As an analyst there are some articles that after you read them you say to yourself, "I wish I'd written that one". One such article appeared in the February 23rd edition of the WSJ's "Review & Outlook" section and was entitled "Obama's Dividend Assault".
Essentially, the article addresses President Obama's 2013 budget proposal that recommends raising the taxes on qualified dividends for couples earning over $250,000 from its current 15% tax rate to the higher personal income tax rate of 39.4%.

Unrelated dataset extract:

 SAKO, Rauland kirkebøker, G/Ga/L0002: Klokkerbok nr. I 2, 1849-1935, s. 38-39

It Gets Worse: The article goes on further to state that if you assumed a 35% corporate tax, add in the planned phase-out of deductions and exemption, a 3.8% tax surcharge for ObamaCare on top of the 41.0% projected personal tax rate (44.8%), that the pre-tax income that generated that dividend would be taxed at 64.1%. Therefore, a corporation would have to generate $278.55 in earnings so an investor could receive $100 dividend payment.
Retirees Suffer: The article cites that according to IRS data, three-quarters of the dividend recipients are retirees and near-retirees (over 55) who depend on such dividend income to pay for the necessities of life.

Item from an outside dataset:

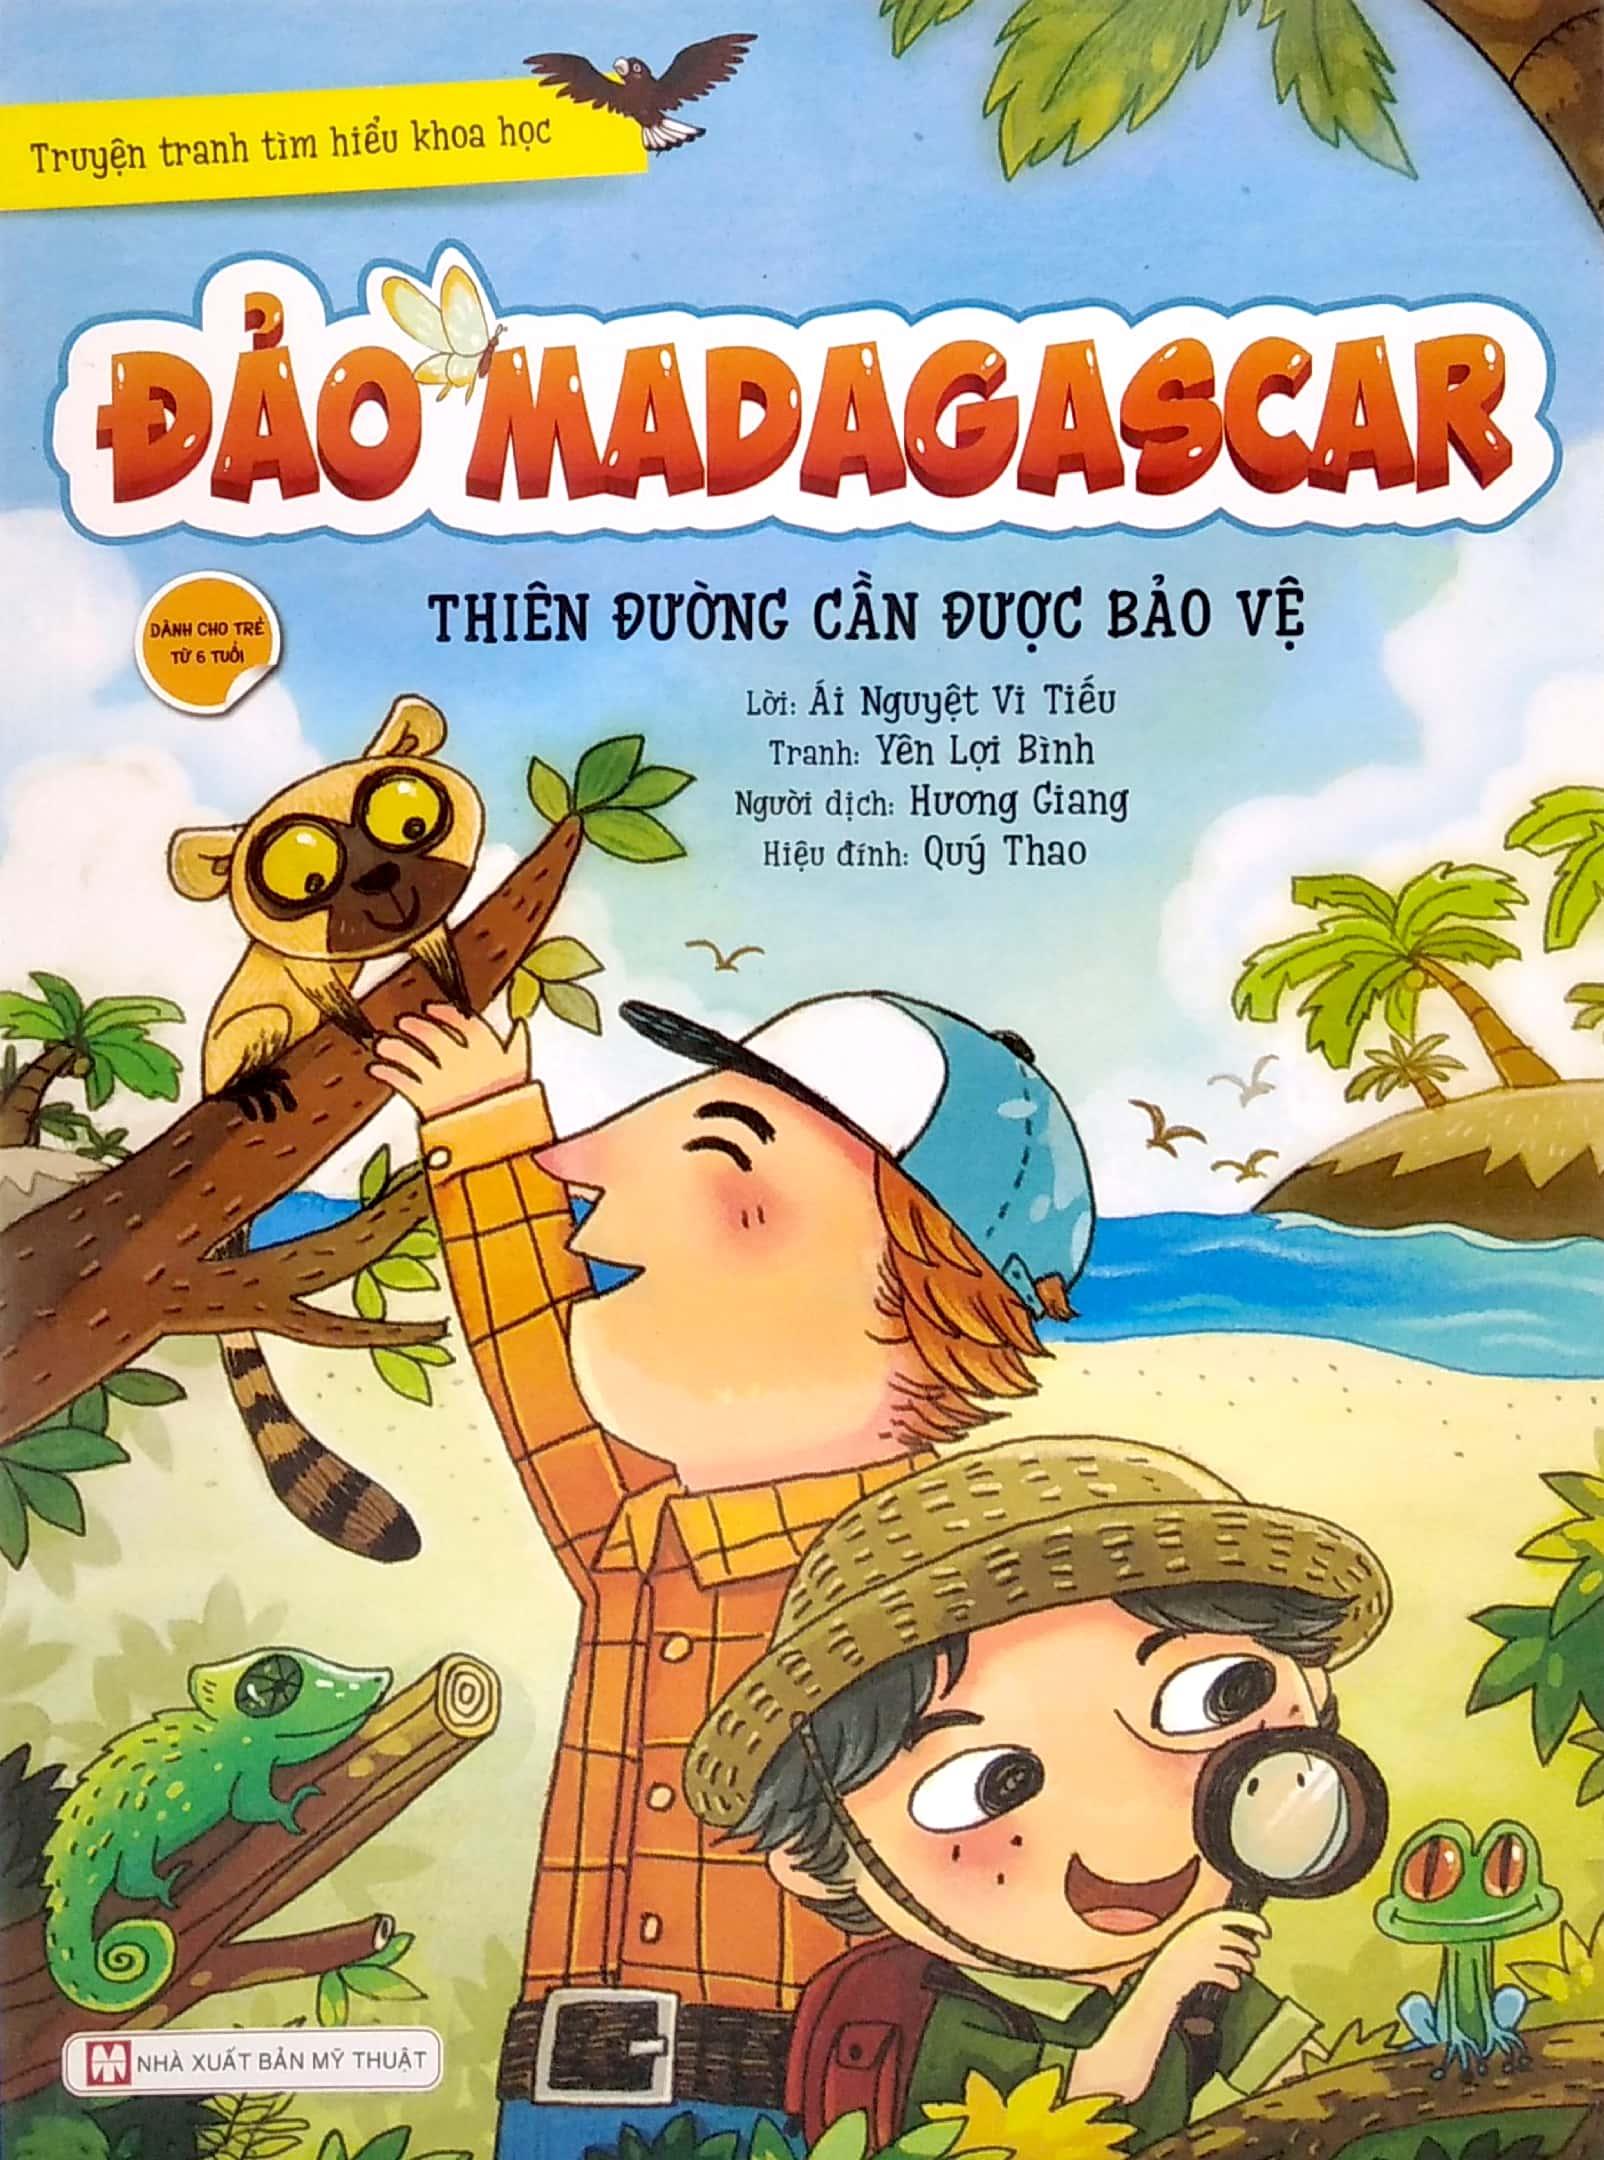 55_Truyện tranh tìm hiểu khoa học - Đảo Madagascar

They have already been "socked" with low interest rates on bank CDs and money market funds due to the artificially low interest rates set to bail out the bankers, and now they are being "knocked out" by confiscatory taxes on dividends.
"Let Me Count the Ways": This action is counterproductive in so many ways that space limits the recital. Historically, dividends have been approximately 50% of the return on investments-and those stocks, over the long-term, perform better than non-dividend paying stocks. In addition, paying dividends is a discipline on corporate management with regards to cash flow transparency, and it prevents management from buying in stock so they can excessively award themselves stock options.
Simple Physics: Newton's Third Law of Motion is: "For every action there is an equal and opposite reaction." The imposition of such a confiscatory tax law on dividends would have the impact of corporations not paying dividends. Therefore, the federal government would not collect the estimated revenues and would distort the flow of capital by creating an unequal tax rate for capital gains versus dividends.
Gresham's Law Applied to Economic Policy: If there is a corollary to Gresham's law that "bad money drives out good", then can bad policy drive out good policy? That proposition would make one question the rest of the administration's economic policy based upon this uninformed dividend proposal.